Maggie O'Farrell is the author of seven novels. This is her first (and only, she asserts) memoir. I am, I am, I am takes its title from Sylvia Plath's The Bell Jar: "I took a deep breath and listened to the old brag of my heart. I am, I am, I am." When asked by her mother what she's working on, "I tell her I'm trying to write a life, told only through near-death experiences."
I am, I am, I am is not narrated chronologically, but by the organ or body part primarily affected: the neck, the lungs, the abdomen, etc. Each chapter is accompanied by an antique medical drawing of the part in peril: the book itself is a beautifully produced object, from the proceeds of which a donation will made to the Anaphylaxis Campaign and Medical Alert Dogs. These events "take up residence inside you and become part of who you are, like a heart stent or a pin that holds together a broken bone".
In the opening chapter, O’Farrell – a teenager away from home on a summer job – encounters a man whom she realises has lain in wait for her. “Hello again,” he says. He tells her to look at the eider ducks and places the strap of his binoculars around her neck. She employs her cunning to escape, and reports the incident. “Sounds terrifying,” the policeman sneers at her. Within weeks, the man has strangled another young woman with the same binocular strap. Of his victim, O’Farrell writes: “It wouldn’t be an exaggeration to say that I think about her, if not every day then most days. I am aware of her life, which was cut off, curtailed, snipped short, whereas mine, for whatever reason, was allowed to run on.”
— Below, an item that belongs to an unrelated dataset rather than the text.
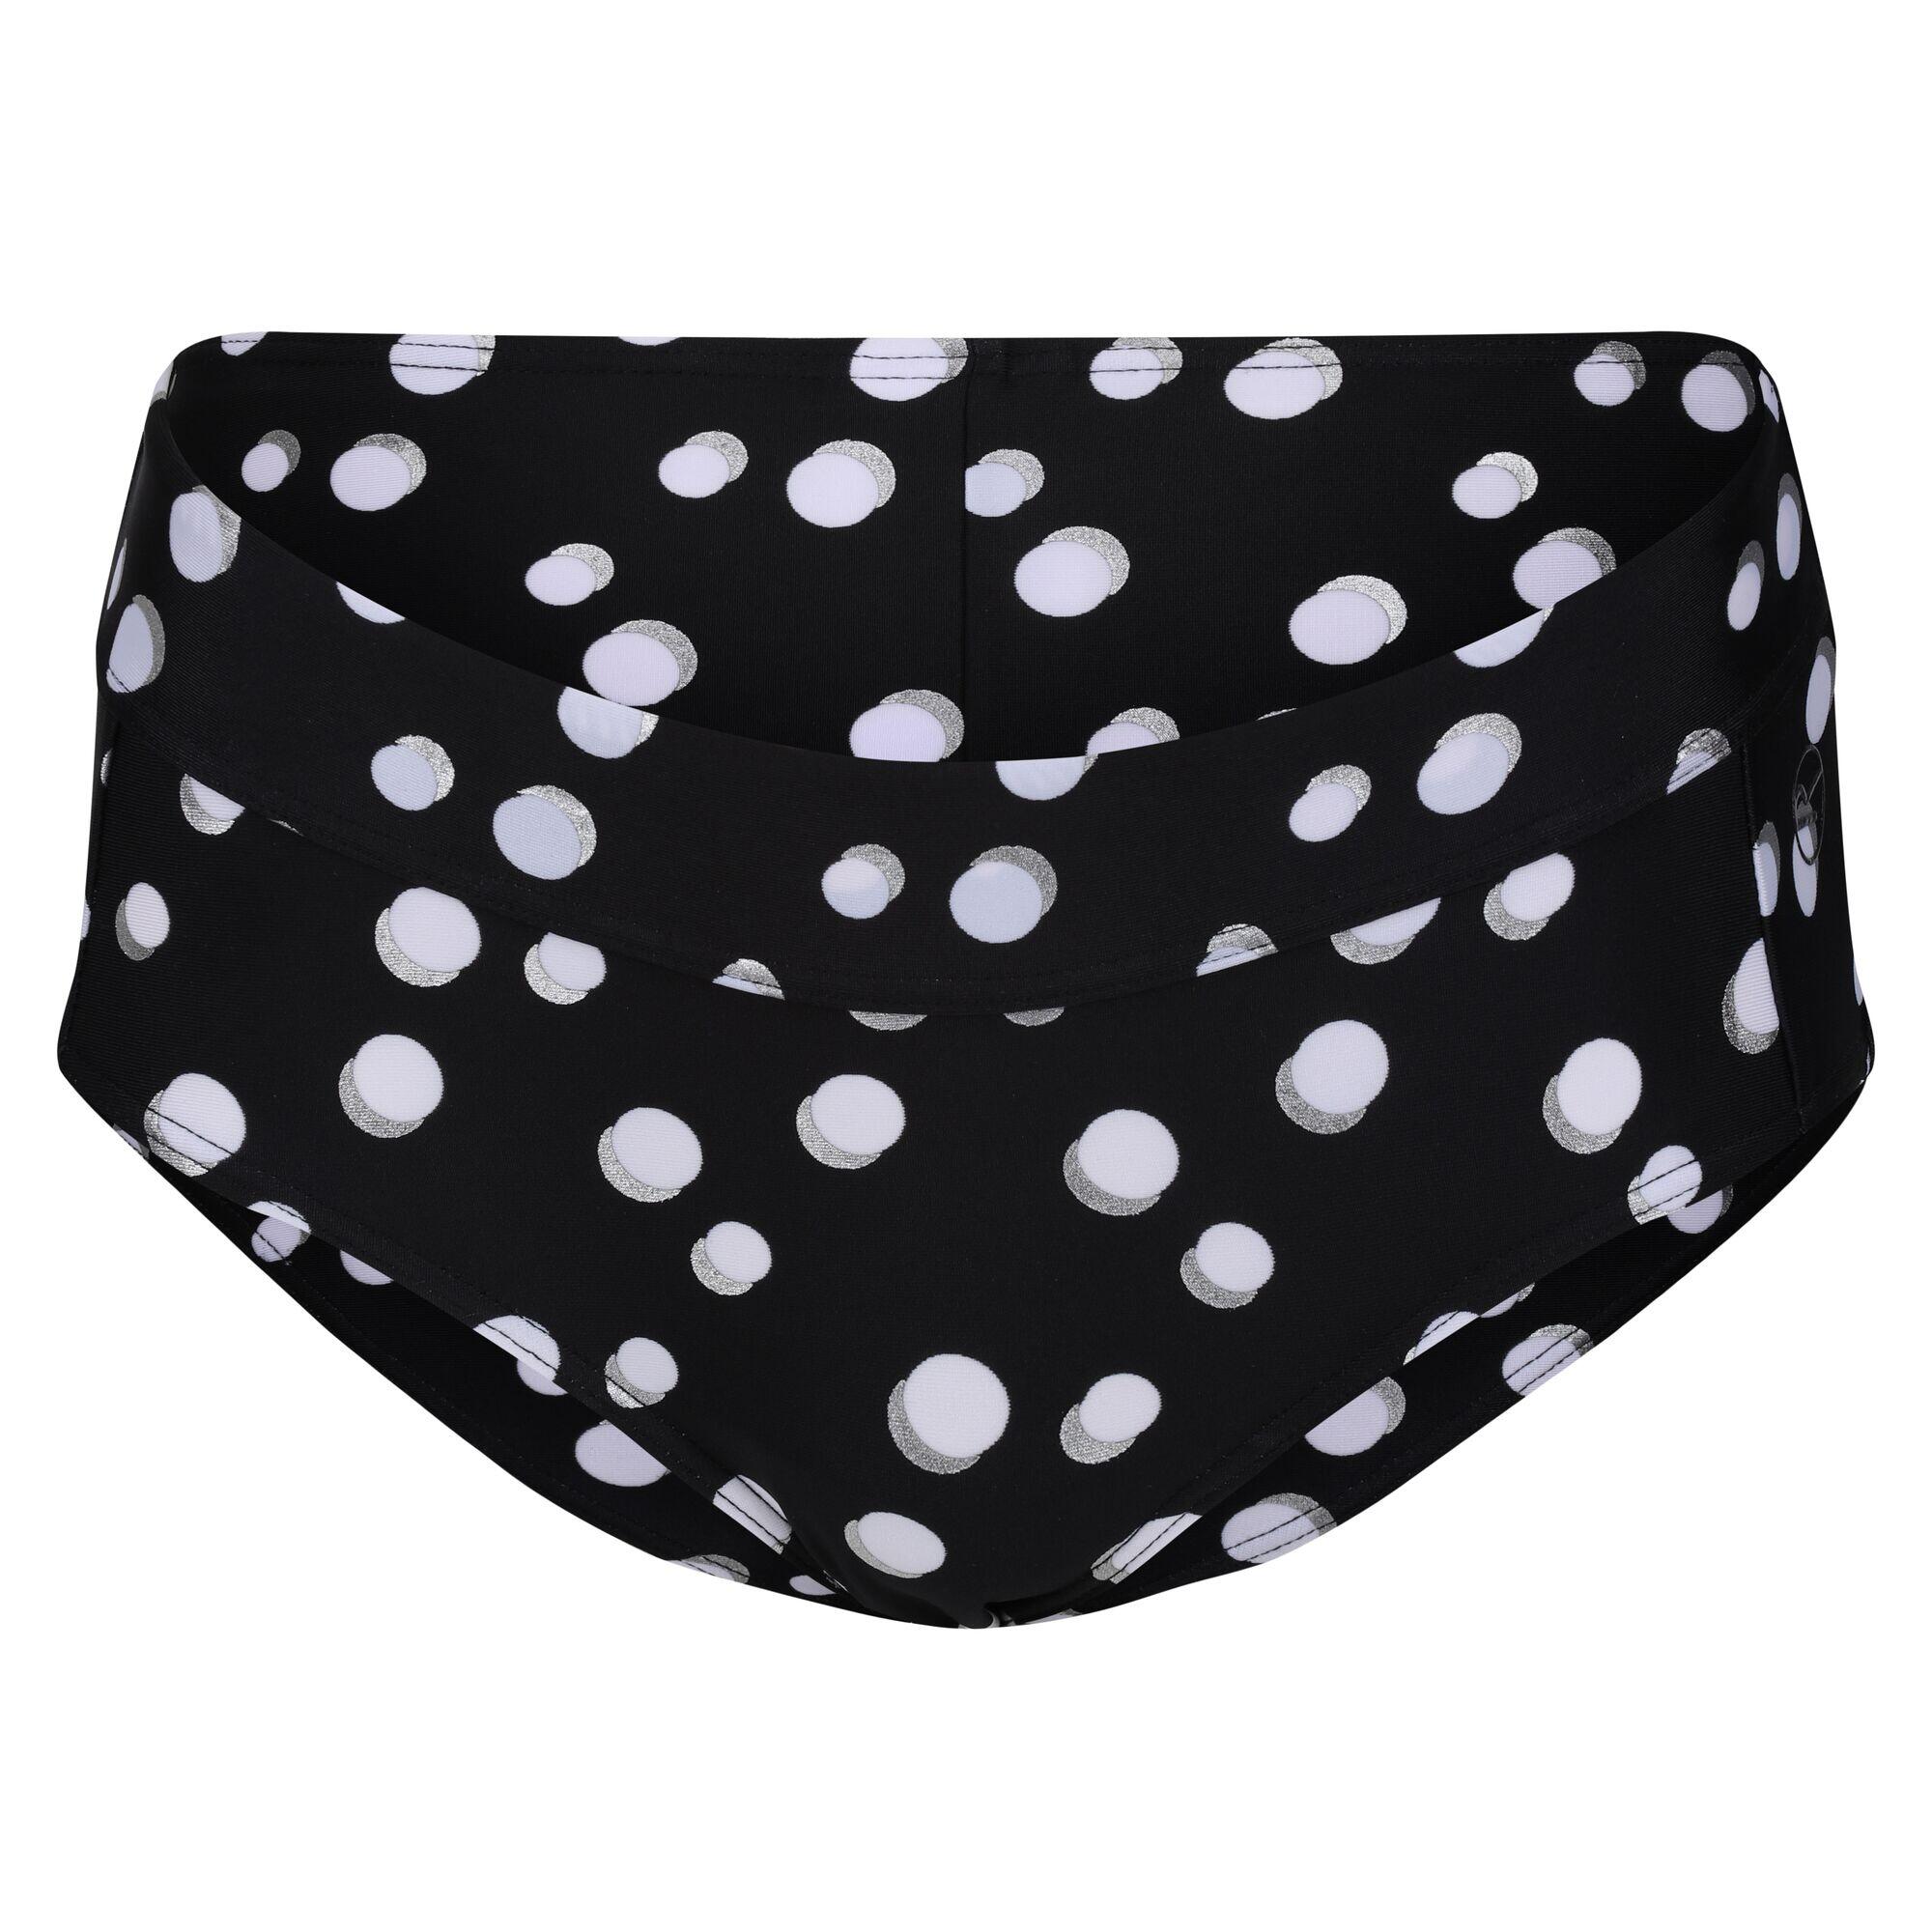 REGATTA Womens/Ladies Paloma Polka Dot Bikini Bottoms (Black/White)

Many of the incidents recounted in I am, I am, I am have appeared in the novels – a particularly violent emergency caesarean section, drowning, harrowing eczema – but the near-strangling defied fictionalising for O'Farrell. Indeed, she told no one, not her family, not her friends. The first person she revealed it to was the man she would later marry. The experience "is not something to be lightly articulated, moulded into anecdote, formed into a familiar spoken groove to be told and retold over a dinner table or on the telephone, passed from teller to teller". A deeper imperative drives her to recount it now: her daughter's welfare. "Because you are six years old. Because there are people out there who want to hurt you and you will never know why. Because I haven't yet worked out how to explain these things to you. But I will."
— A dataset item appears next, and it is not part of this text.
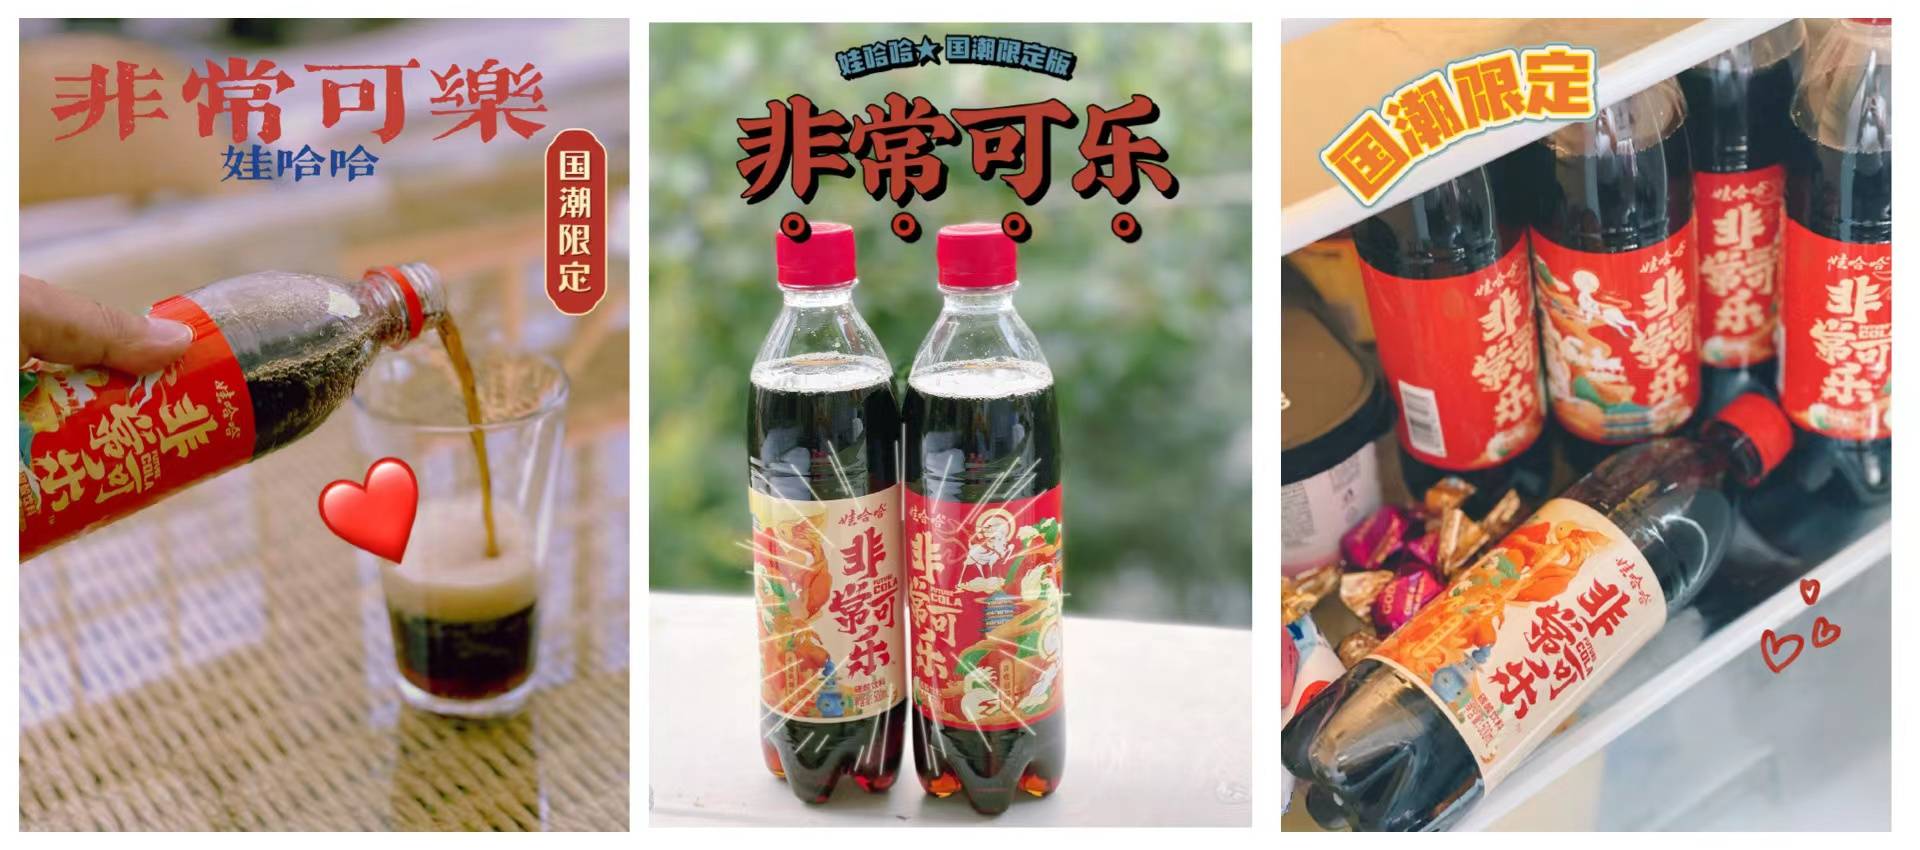 WechatIMG2576 - La “Chinese Coke” risorge, ma non sarà la Coca a battere la Coca-Pepsi

O'Farrell is a bestselling author with a substantial readership. I am, I am, I am was originally written not for this readership, but for her daughter who suffers from a severe immunology disorder and for whom death by anaphylactic shock is an everyday reality: "if an egg is cracked nearby. Or if she is stung by a bee or a wasp. If she touches the hand of someone who has been eating nuts or egg or salad with pumpkin oil. If she enters a cloakroom and one of the coats has a peanut in its pocket." Perhaps it is the absence of the notion of an audience, other than this imperilled child who "could, at any moment, be snatched from you" and who "you make sure you say goodbye to, properly and with eye contact, every time she leaves the house", that makes this book so electric.
The longest essay in the book, which deals with the encephalitis O’Farrell contracted at the age of eight, is astonishing and should be read by everyone working with sick children. O’Farrell describes the illness itself, her panic during the CAT scan, waking up to find Jimmy Saville hovering over her. (“You can go. I’ll look after her,” he tells the nurse, admiring the picture of O’Farrell in her ballet leotard. But the nurse “stayed there, hovering behind him, refusing to abandon her post: another saviour, another seraph in disguise.”) It concludes with O’Farrell overhearing a nurse’s conversation from which she learns that she is dying. “I heard the unseen child and nurse proceed to discuss my imminent demise. When might it occur? Soon – tomorrow, the day after, some time this week, I learnt. Why was it happening? I was very ill. Why couldn’t the doctor’s make me better? My illness was too serious. Did that mean I was never going home? No, I was never going home. Was I going to Heaven? Yes, came the answer, in a didactic tone, because I had been a good girl and had taken all my medicine.”
There is an openness in the contemporary novel towards fictionalising aspects of the author's life: the trilogy Rachel Cusk is currently at work on, the brilliant essay on writing at the heart of Kevin Barry's Beatlebone, Chris Kraus's I Love Dick, the Knausgaard My Struggle cycle. O'Farrell has previously used her personal experience in her novels, but has applied the traditional tools of the novel to that experience: inventing characters, plot, setting, etc. By stripping herself of the storytelling apparatus of her novels – or perhaps by applying that storytelling apparatus directly to her life – O'Farrell has arrived at something more affecting: wise, terrifying, vital and important.
The last near-death experience is set in rural Italy as O'Farrell and her husband and children rush around remote country roads in search of a hospital. The satnav is reading a blank. Death is in the car with them, but this time he doesn't want O'Farrell. This time, Death has come for the child in her arms. But O'Farrell isn't going to let him have her. "Oh no you don't. Not now, not here. You're not getting her, not today, not any time soon." I can count on one hand the books that made me cry and still have two fingers spare. I am, I am, I am is one of them.